Наверняка, коллекционная машина…
На крыше машины горели три световых знака, что означало — такси свободно. И что еще удивительнее, аварийная лампа, которую обычно используют, чтобы предупредить полицию об опасности, тоже была включена.
Охваченный любопытством, Итан подошел к автомобилю поближе. Когда он наклонился к окну, стекло опустилось, и он увидел огромное лицо.
— Куда-нибудь подбросить?
Шофер был чернокожим, могучего телосложения, лицо выбрито, кожа лоснилась. Правый глаз был незрячим, и закрывавшее его веко придавало таксисту меланхолический вид.

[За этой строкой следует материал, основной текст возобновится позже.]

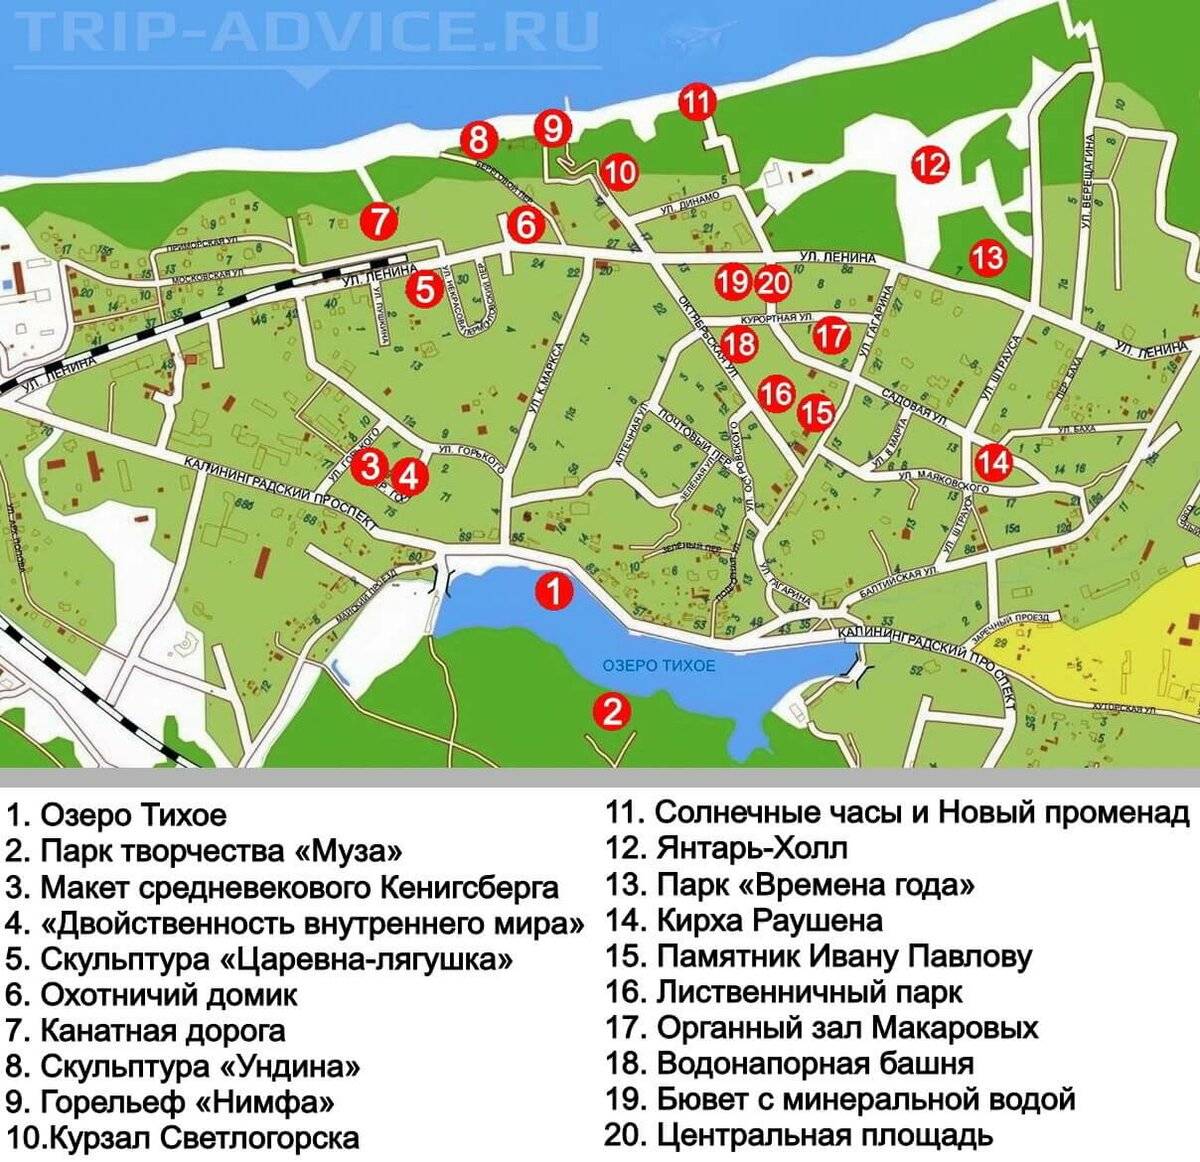 Светлогорск Калининградской области: достопримечательности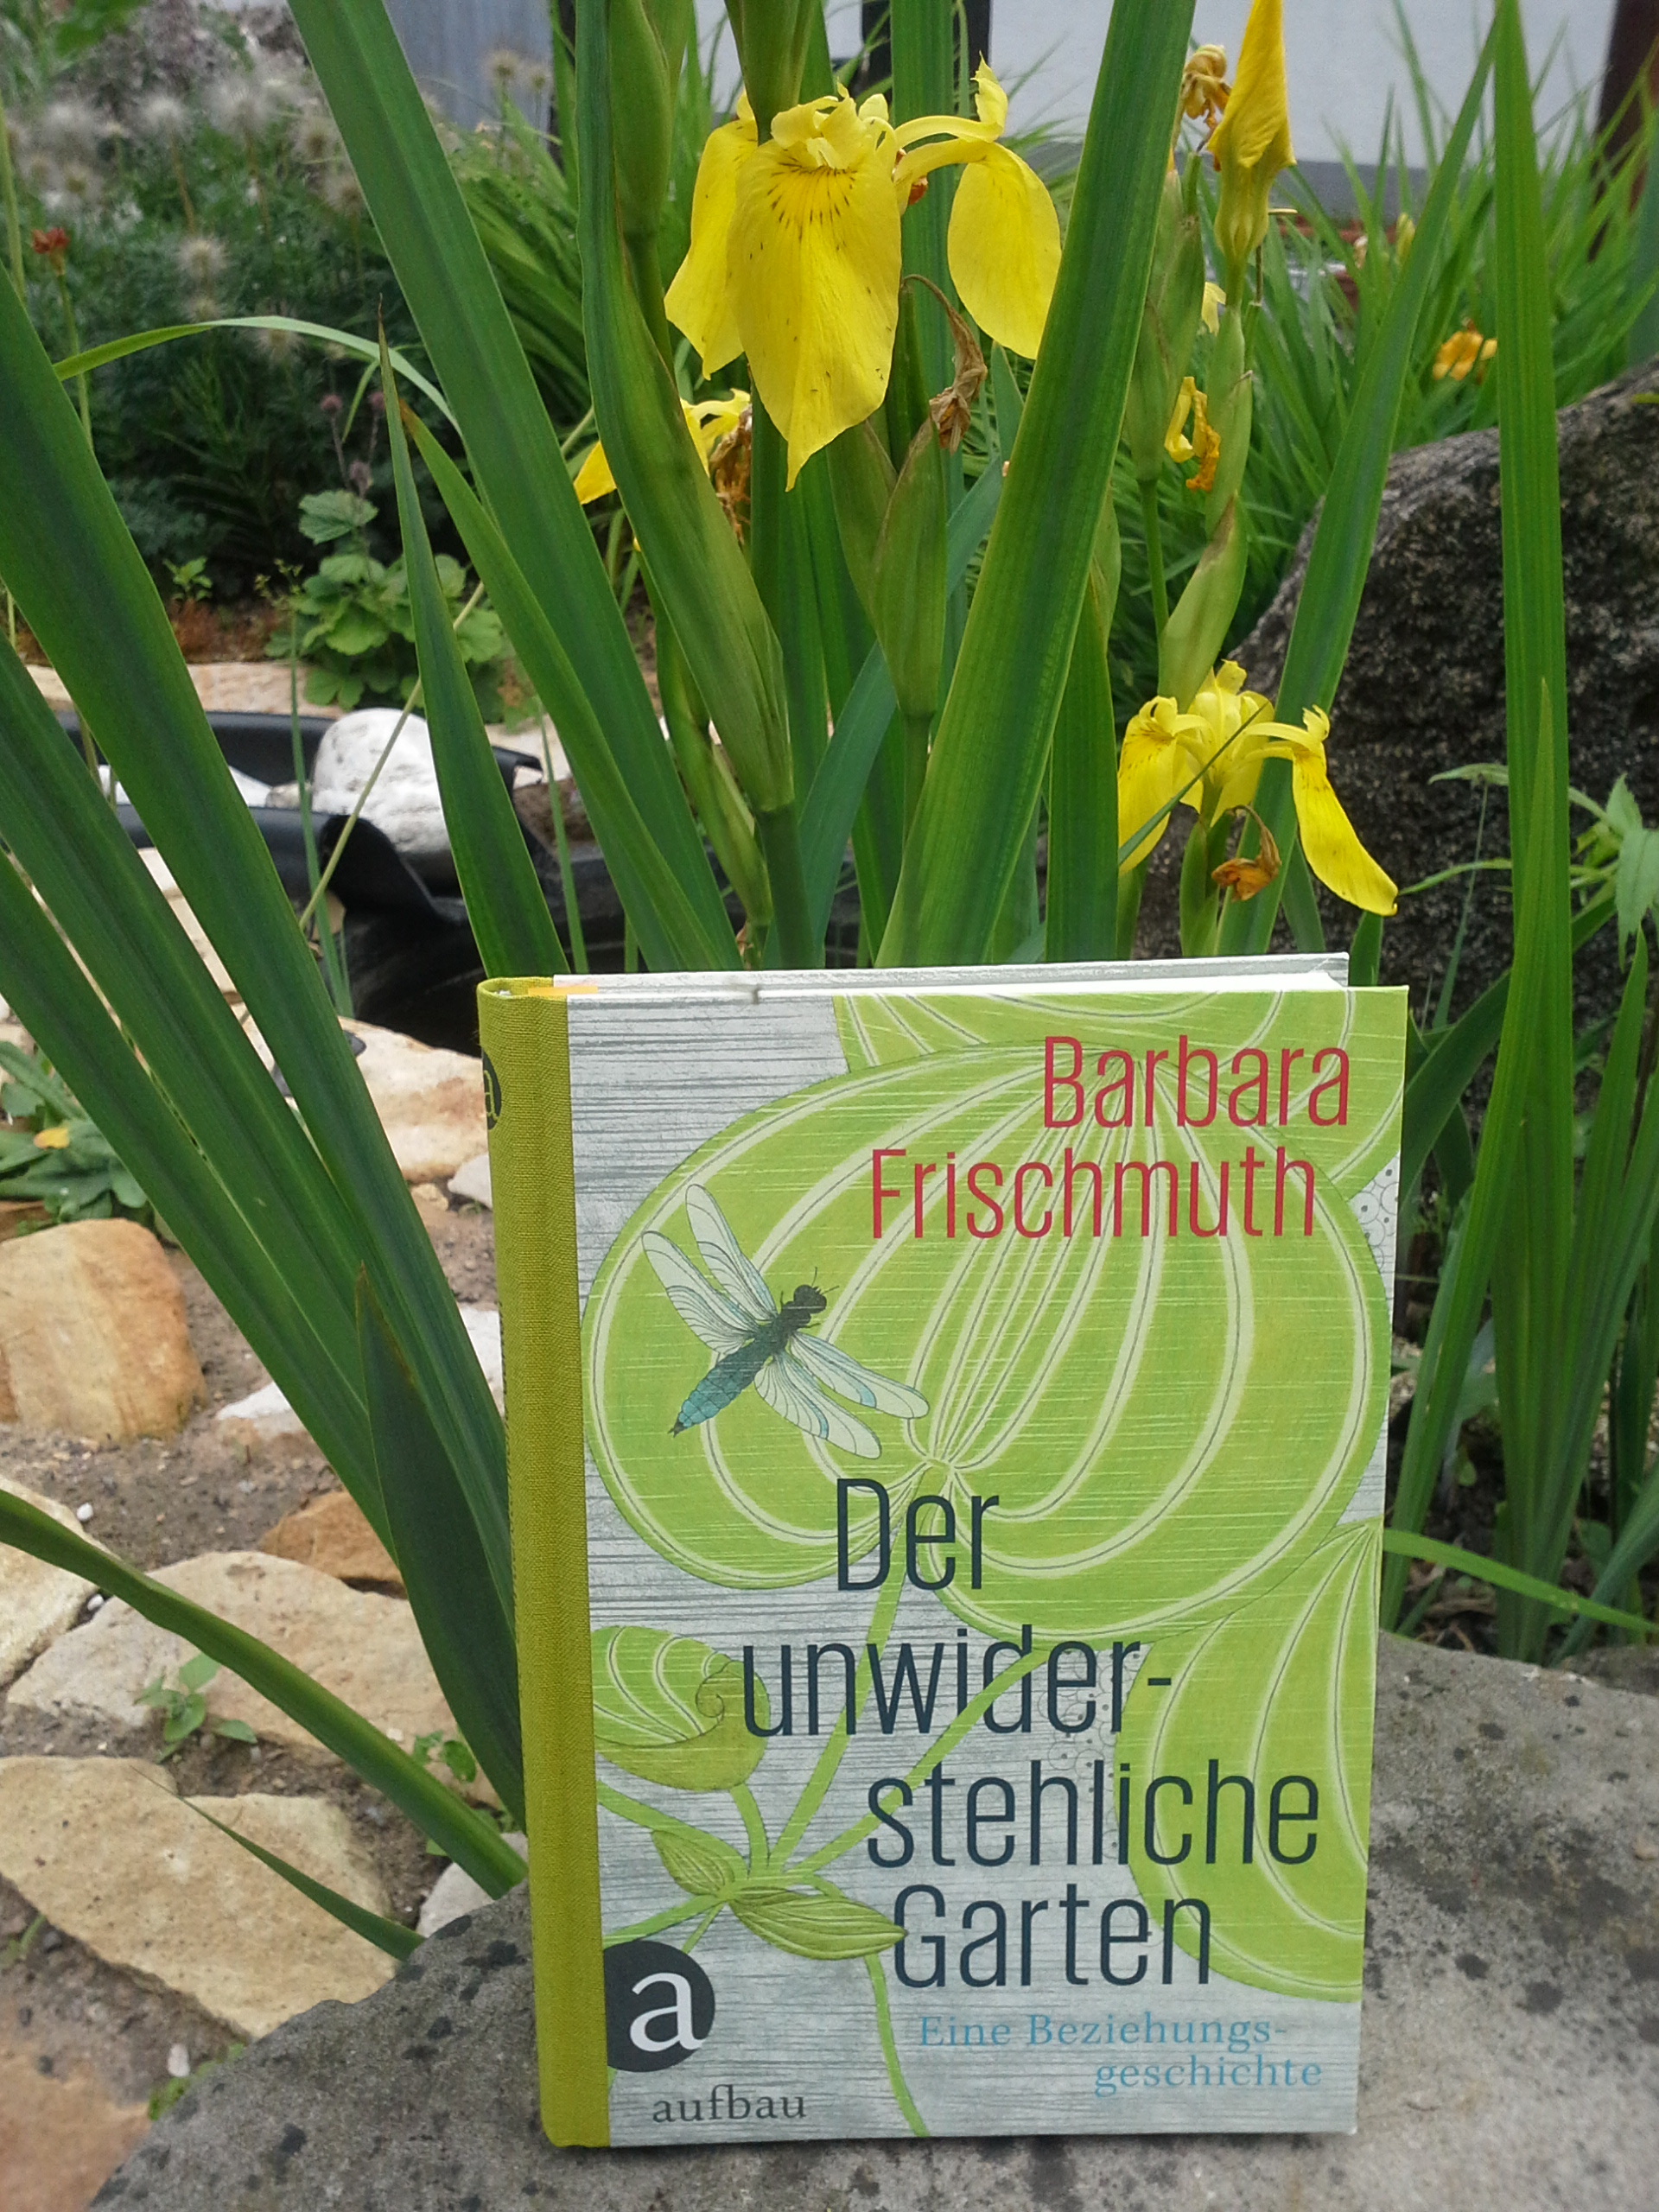 Barbara Frischmuth: Der unwiderstehliche Garten

Итан попятился, удивленный неожиданным предложением.
— А вы работаете?
— Можно и так сказать.
Терапевт заколебался. Предложение казалось заманчивым: он ни в коем случае не собирался два часа дожидаться аварийки, а, по счастью, «Мазерати» стоял в таком месте, что совершенно не мешал движению. В конце концов, он открыл дверь желтой машины и устроился на заднем сиденье.
Таксист тронулся с места, даже не спросив, куда ехать.
* * *Как только Итан понял, что в такси нет счетчика, он спросил себя, в какую передрягу опять ввязался. Как и любой житель Нью-Йорка, он слышал о том, как в нелегальных такси грабят туристов, но сомневался, что это тот самый случай: несмотря на телосложение как у регбиста, этот таксист почему-то казался странно кротким.
— Тяжелый день? — спросил он, поглядев на Итана в зеркало заднего вида.
— Уф… да, хуже некуда, — признался Итан, растерявшись. И внимательнее вгляделся в шофера. Как у Роберта Митчема в фильме «Ночь охотника», на каждой руке у него были татуировки, на пальцах синели буквы LOVE и FATE,[12] видимо, судьба у него была непростая. На лицензии таксиста, прикрепленной к спинке сиденья, можно было прочесть его имя — Кертис Нэвилл — и то, откуда он родом, — из Бруклина.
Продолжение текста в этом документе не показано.